This approach allows Bonsai to efficiently explore the space of possible placements for the new individual and identify the most probable one based on genetic evidence.

Implementing the Addition

Adding Individuals with Different Relationship Types

Once the optimal relationship configuration is identified, Bonsai v3 needs to physically add the new individual to the pedigree with that relationship. The add_with_relationship function handles this:

def add_with_relationship(
    id_val: int,
    existing_id: int,
    up_dct: dict[int, dict[int, int]],
    up: int,
    down: int,
    num_ancs: int,
):
    """
    Add a new individual to a pedigree with a specific relationship.
    
    Args:
        id_val: ID of the individual to add
        existing_id: ID of the existing individual to connect to
        up_dct: Up-node dictionary representing the existing pedigree
        up, down, num_ancs: Relationship parameters
        
    Returns:
        up_dct_new: Updated pedigree with the new individual
    """
    # Create a copy of the existing pedigree
    up_dct_new = copy.deepcopy(up_dct)
    
    # Ensure the new individual exists in the pedigree
    if id_val not in up_dct_new:
        up_dct_new[id_val] = {}
    
    # Handle different relationship types
    if up == 0 and down == 1:  # id_val is parent of existing_id
        # Add id_val as parent of existing_id
        up_dct_new[existing_id][id_val] = 1
        
    elif up == 1 and down == 0:  # existing_id is parent of id_val
        # Add existing_id as parent of id_val
        up_dct_new[id_val][existing_id] = 1
        
    elif up == 1 and down == 1:  # Siblings
        # Get existing parents of existing_id
        existing_parents = list(up_dct_new.get(existing_id, {}).keys())
        
        if num_ancs == 1:  # Half siblings
            # Need at least one parent to create half siblings
            if existing_parents:
                shared_parent = existing_parents[0]
                up_dct_new[id_val][shared_parent] = 1
            else:
                # Create a new ungenotyped parent
                new_parent_id = get_min_id(up_dct_new) - 1
                up_dct_new[existing_id][new_parent_id] = 1
                up_dct_new[id_val][new_parent_id] = 1
                up_dct_new[new_parent_id] = {}
                
        elif num_ancs == 2:  # Full siblings
            # Need two parents to create full siblings
            if len(existing_parents) >= 2:
                parent1, parent2 = existing_parents[:2]
                up_dct_new[id_val][parent1] = 1
                up_dct_new[id_val][parent2] = 1
            elif len(existing_parents) == 1:
                # Use the existing parent and create a new one
                shared_parent = existing_parents[0]
                new_parent_id = get_min_id(up_dct_new) - 1
                up_dct_new[existing_id][new_parent_id] = 1
                up_dct_new[id_val][shared_parent] = 1
                up_dct_new[id_val][new_parent_id] = 1
                up_dct_new[new_parent_id] = {}
            else:
                # Create two new ungenotyped parents
                parent1_id = get_min_id(up_dct_new) - 1
                parent2_id = parent1_id - 1
                up_dct_new[existing_id][parent1_id] = 1
                up_dct_new[existing_id][parent2_id] = 1
                up_dct_new[id_val][parent1_id] = 1
                up_dct_new[id_val][parent2_id] = 1
                up_dct_new[parent1_id] = {}
                up_dct_new[parent2_id] = {}
                
    else:  # More distant relationships
        # Handle more complex relationships through common ancestors
        # Create ancestry chains as needed
        # ... (implementation details for more distant relationships)
    
    return up_dct_new

This function implements the physical addition of a new individual to the pedigree with a specific relationship to an existing individual.
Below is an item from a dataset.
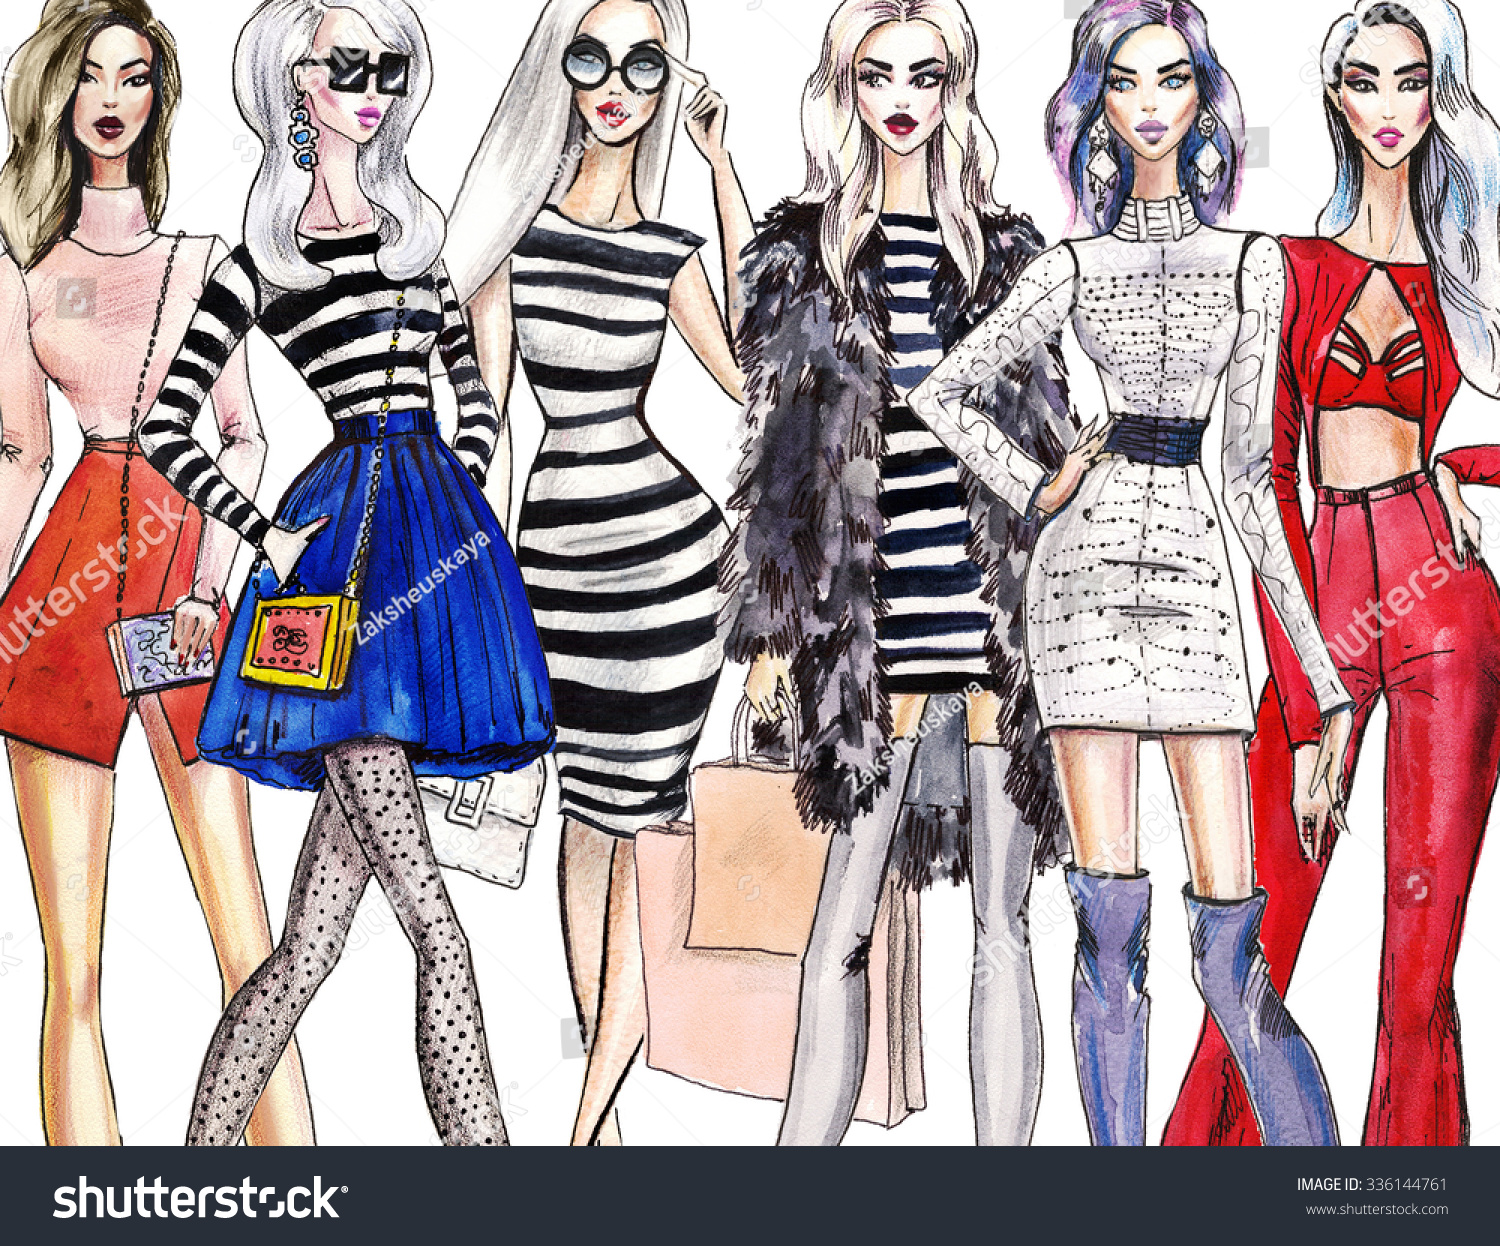 Illustration Fashionable Girls Shopping Fashion Illustration Stock ...

It handles various relationship types, including:

Parent-Child: Adding the new individual as a parent or child of an existing individual
Siblings: Adding the new individual as a half or full sibling of an existing individual
More Distant Relationships: Adding the new individual with more complex relationships that involve common ancestors

For sibling relationships, the function attempts to reuse existing parents when available, or creates new ungenotyped parents as needed. This approach ensures that the resulting pedigree remains consistent with all previously established relationships while properly incorporating the new individual.

Maintaining Multiple Hypotheses

An important aspect of Bonsai v3's incremental addition strategy is the maintenance of multiple hypotheses about how a new individual might fit into the pedigree. This approach allows Bonsai to avoid getting stuck in local optima and explore different placement possibilities.

The select_best_placements function handles this aspect:

def select_best_placements(
    placement_options: list[tuple[dict, float]],
    n_keep: int = 5,
):
    """
    Select the top placement options to keep.
    
    Args:
        placement_options: List of (pedigree, likelihood) pairs
        n_keep: Number of top options to keep
        
    Returns:
        best_placements: List of top (pedigree, likelihood) pairs
    """
    # Filter out any invalid pedigrees
    valid_options = [(ped, ll) for ped, ll in placement_options if is_valid_pedigree(ped)]
    
    # Sort by likelihood (descending)
    valid_options.sort(key=lambda x: x[1], reverse=True)
    
    # Keep only the top n_keep options
    best_placements = valid_options[:n_keep]
    
    return best_placements

This function selects the top n_keep placement options from all the evaluated possibilities. By maintaining multiple hypotheses, Bonsai can:

Explore different possible placements for the new individual
Compare these placements based on their likelihoods
Select the most probable placement while keeping alternative possibilities

This approach is particularly valuable when the genetic evidence is ambiguous or when there are multiple plausible ways to fit the new individual into the pedigree.

The function also includes a validation step (is_valid_pedigree) to ensure that the resulting pedigrees are biologically and structurally valid. This helps prevent invalid configurations, such as cycles in the pedigree or other inconsistencies.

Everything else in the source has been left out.